# Fortune cookie generator

The Fortune cookie generator is in
essence a Markov-chain-based text generator, but with the novel
improvement of “smoothing” the model with a prior based on the
1- through (`n` − 1)-grams.

The standard algorithm involves creating a Markov transition matrix
for all observed `n`-grams in a corpus. The choice of `n` has a
large effect on the quality of the generated text. For small `n`,
the effect is word salad, but for large `n` because there have been
so few observations the generator tends to quote large portions of
text from the corpus.

The question I wondered was whether there was a way to merge the models of various chain lengths so that, while it could quote large portions, it could also pivot on one or two words, creating more interesting generated output.

## 1. Creating the model

The intuition of the smoothed model comes from thinking about text
generation as a *prediction* problem. What is the most likely
next word given the words seen thus far? Given a sequence of `n`
words never before seen in the training data, an `n`-gram model
would have nothing to say. But surely there is a way to predict a
next word, since, at the least, the last word in the sequence could
predict a next word using the 1-gram model.

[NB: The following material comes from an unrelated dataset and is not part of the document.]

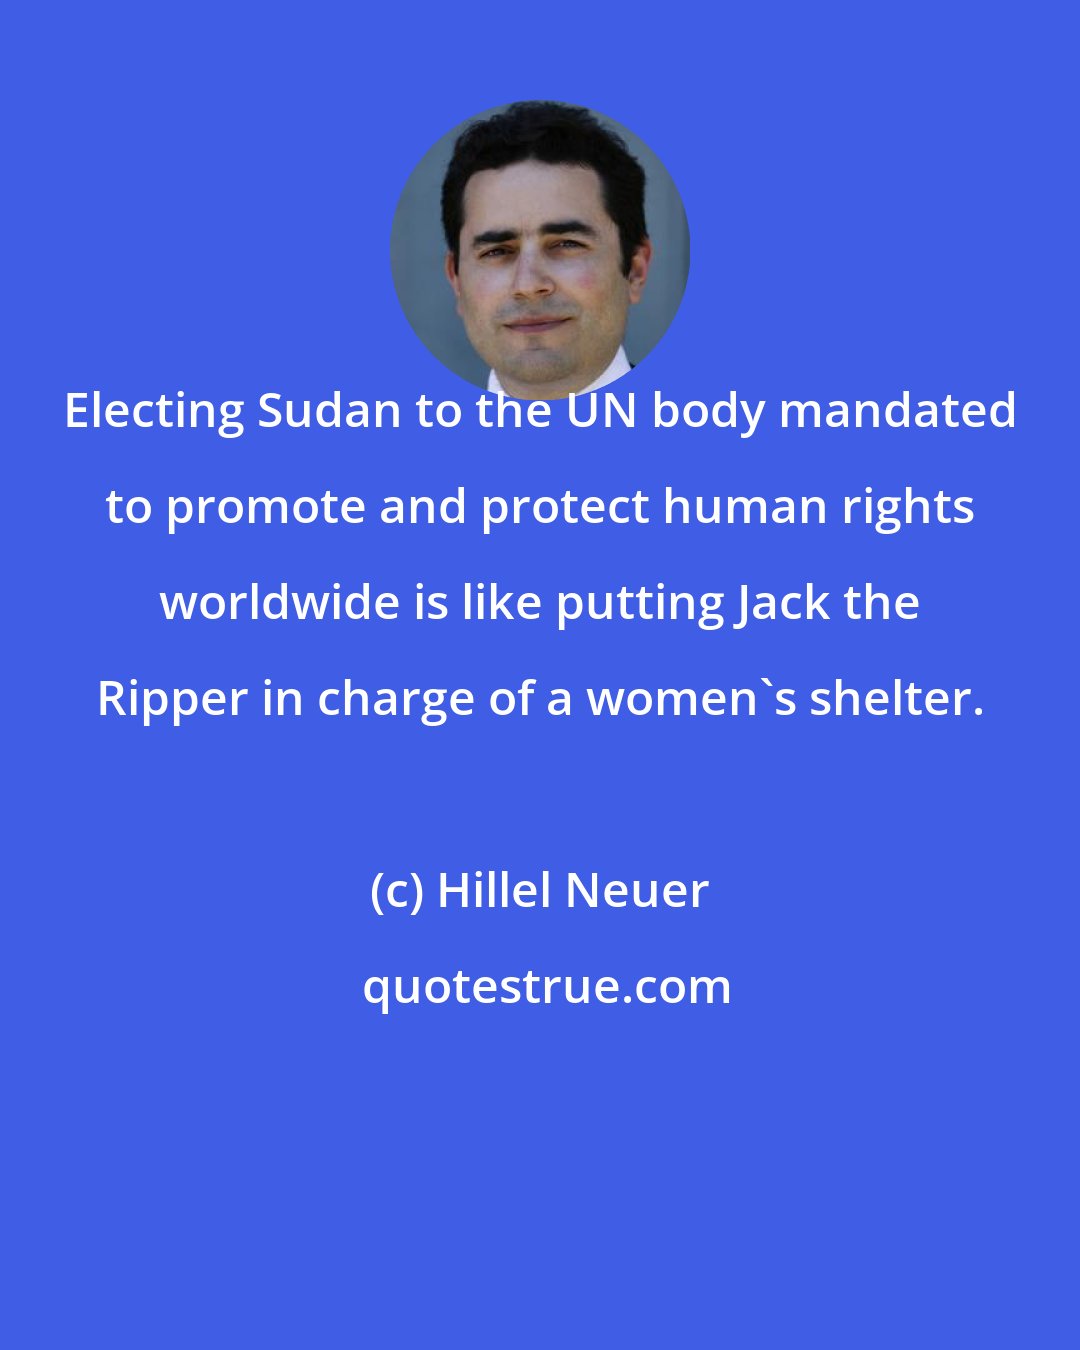 Hillel Neuer: Electing Sudan to the UN body mandated to promote and protect human rights worldwide is like putting Jack the Ripper in charge of a women's shelter.

The first thing to notice is that it is possible to create an
equivalent `n`-gram model from an (`n` − 1)-gram model by prefixing
each (`n` − 1)-gram with every word from the dictionary. The second
thing to notice is that it is possible to combine two `n`-gram
models by computing the weighted average of the two transition
matrices, and this is equivalent to creating the `n`-gram model of a
corpus created by appending the corresponding corpuses (with
multiplicity, when the weight is a rational number).

The smoothed `n`-gram model with parameter `β` then is the
smoothed (`n` − 1)-gram model lifted to an `n`-gram model averaged
with `β` of the standard `n`-chain model. This has the stated
effect of creating an `n`-chain model with a prior from the
smaller-chained models. This particular way of doing it is simple
enough to implement, and doubtless there are other ways of choosing
the prior.

## 2. Implementation

Luckily we do not need to create the full transition matrix for the
smoothed model, since it would contain every sequence of `n` words
in the dictionary. Instead, the generator chooses which model to
follow at random (with geometrically decreasing probability), from
all models which have a prediction for the next word in the
sequence. The parameter which controls the expected length of the
chain is called “sense.”

## 3. Other details

One problem many Markov text generators face is of how long to keep generating text. One choice is to choose in advance some number of words to generate. However, this does not give good results because sentences may be cut off. Instead, this generator has special “words” for the beginning and end of a document so that the generator can 1) start at the start word and 2) end when it generates the end word.

Also: why fortunes? I thought people might have a tolerance for grammatical issues in this genre, as well as a willingness to look for some deeper meaning.

## 4. See also

- https://twitter.com/exquisit_ebooks is a Twitter account which has text generated using the same method but with different corpuses.
- Wisdom is a different version in which I tried to do topic modeling to create a Markov model for each topic. What you say determines a weighted average of models for the text generation. The results are questionable.